Et le sport loisir ? Les polémiques concernant le haut niveau occultent en effet les réalités de terrain et font passer au second plan les valeurs sportives d’inclusion, de plaisir et de dépassement de soi pour se focaliser uniquement sur la performance et l’équité. « Dans la plupart du sport à destination des personnes trans et pour le grand public amateur, le sport genré n’est pas fondamentalement indispensable. On n’est pas obligé de reproduire le modèle olympique au niveau local quand on va jouer au foot le week-end. Jouer avec sa femme ou son compagnon, c’est assez plaisant, ludique », estimait en 2022 Manuel Picaud dans Ouest-France, jugeant que cela permettrait d’accueillir les personnes trans « sans qu’elles ne se posent la question de savoir dans quelle équipe elles vont jouer ». C’est le cas de clubs comme Les Dégommeuses3, qui toutefois font figure d’exception dans le paysage sportif.

Dans la même enquête de Ouest-France, le sociologue Philippe Liotard insistait sur l’enjeu de la pratique sportive pour les personnes trans, tant pour leur bien-être physique que leur socialisation. « Si elles sont en transition, ajoutait-il, c’est d’autant plus important pour équilibrer et réguler les traitements hormonaux qu’elles prennent. Mais pour ça, encore faut-il que le cadre soit bienveillant. Les personnes trans ne transitionnent pas pour gagner des médailles. En revanche, elles ont tout à fait le droit comme n’importe qu’elle personne d’accéder aux loisirs. »

 

L’Ufolep en accord avec ses valeurs

C’est aussi la philosophie de l’Ufolep, dont plusieurs comités ont été saisis la saison dernière de demandes formulées par des licenciés ayant effectué leur transition de changer de catégorie. En Finistère, après avoir évolué en féminine depuis son enfance, Baptiste, membre de la section badminton de l’amicale laïque, dispute ainsi cette année le championnat départemental masculin.
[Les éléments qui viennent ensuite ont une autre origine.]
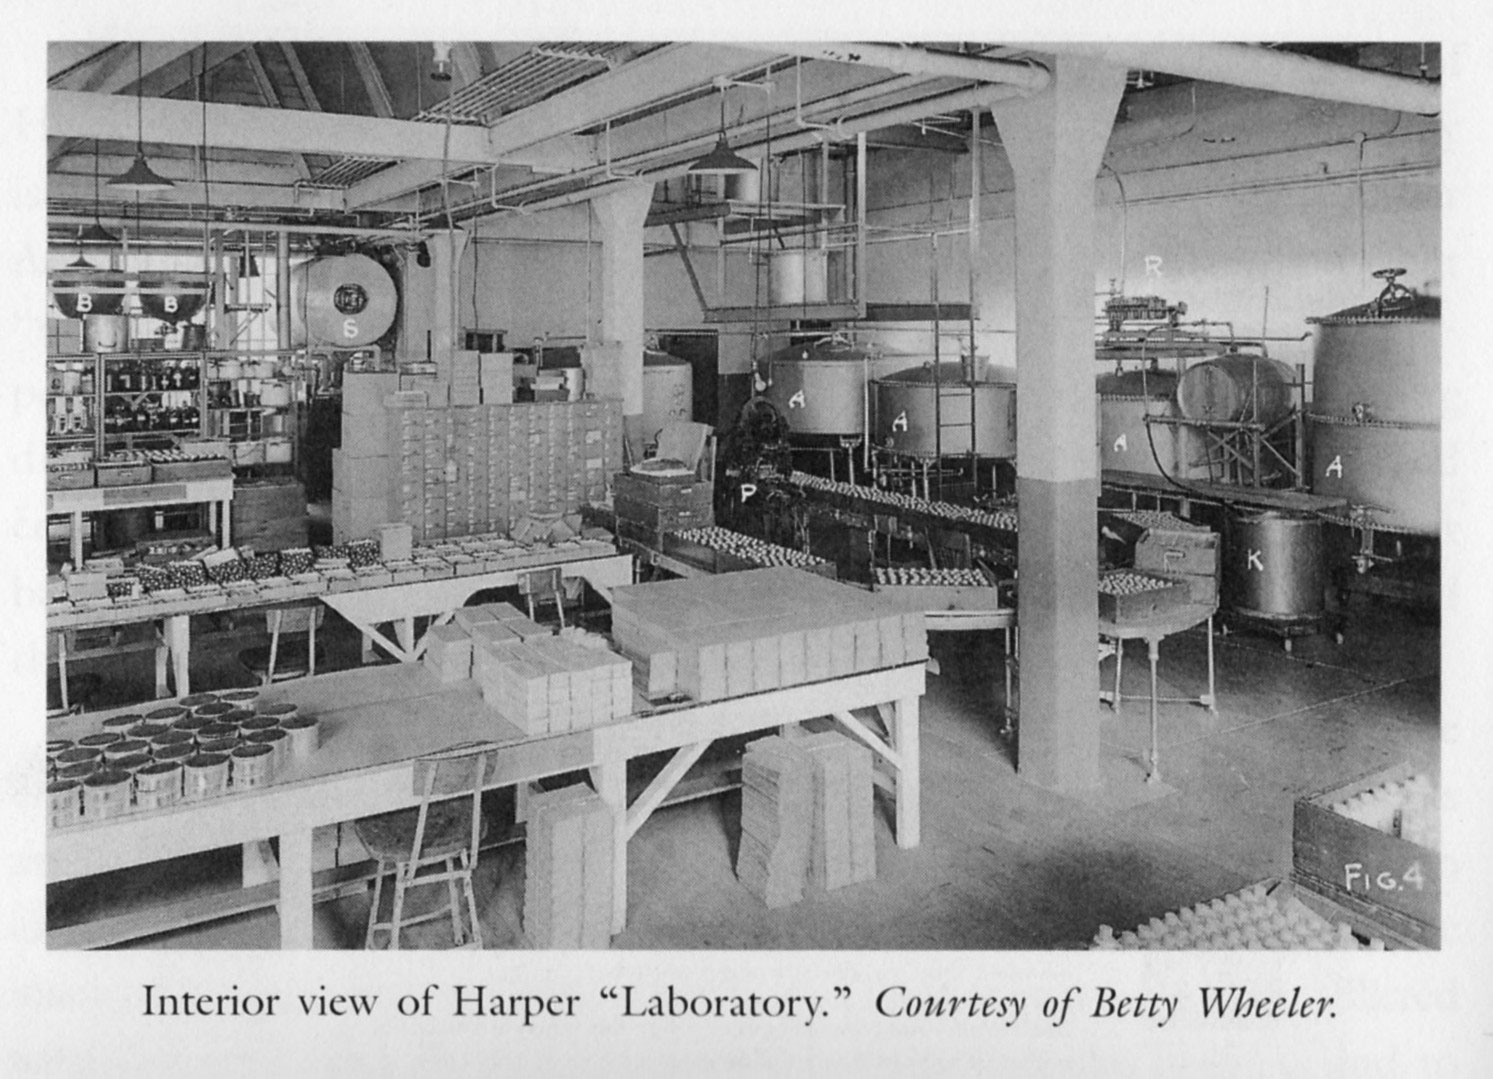 An old photo showing Harper's laboratory that is now filled with tires. [IMAGE: From the book, 'Martha Matilda Harper and The American Dream: How One Woman Changed The Face of Modern Business' by Jane R. Plitt]

Autre exemple : en mai dernier, Hélène a pris la plume pour « remercier chaleureusement » son comité Ufolep et la fédération d’avoir validé son reclassement en 3e catégorie féminine : « Votre accord m’a offert de me remettre en selle, de retrouver le goût des entraînements avec la perspective de raccrocher un dossard, le tout avec un engagement sur les courses faites à mon prénom, dans mon genre, avec un niveau adapté à mes nouvelles capacités physiologiques. » Et la cycliste de préciser que si le niveau 3e catégorie reste actuellement « un ton au-dessus de [ses] capacités », elle préfère cela plutôt que de « devoir freiner pour éviter une victoire non méritée en 4e catégorie féminine ».

Tout en nourrissant des doutes légitimes sur la position qu’aurait affiché un Pierre de Coubertin sur la question, l’important est bien là de « participer ». Tout en étant soi-même, et en conservant le goût de la compétition.

Philippe Brenot

 

(1) Citation extraite de l’enquête de Tara Britton parue dans Ouest-France en 2022. La prestation de la joueuse canadienne Quinn, remplacée à la mi-temps de la finale victorieuse de son pays contre la Suède, passa en revanche inaperçue.

(2) FIER : Fondation Inclusion pour un Environnement Respectueux, sport & culture.

(3) Club de football LGBT+, plus largement engagé contre toutes les discriminations et affilié à l’Ufolep.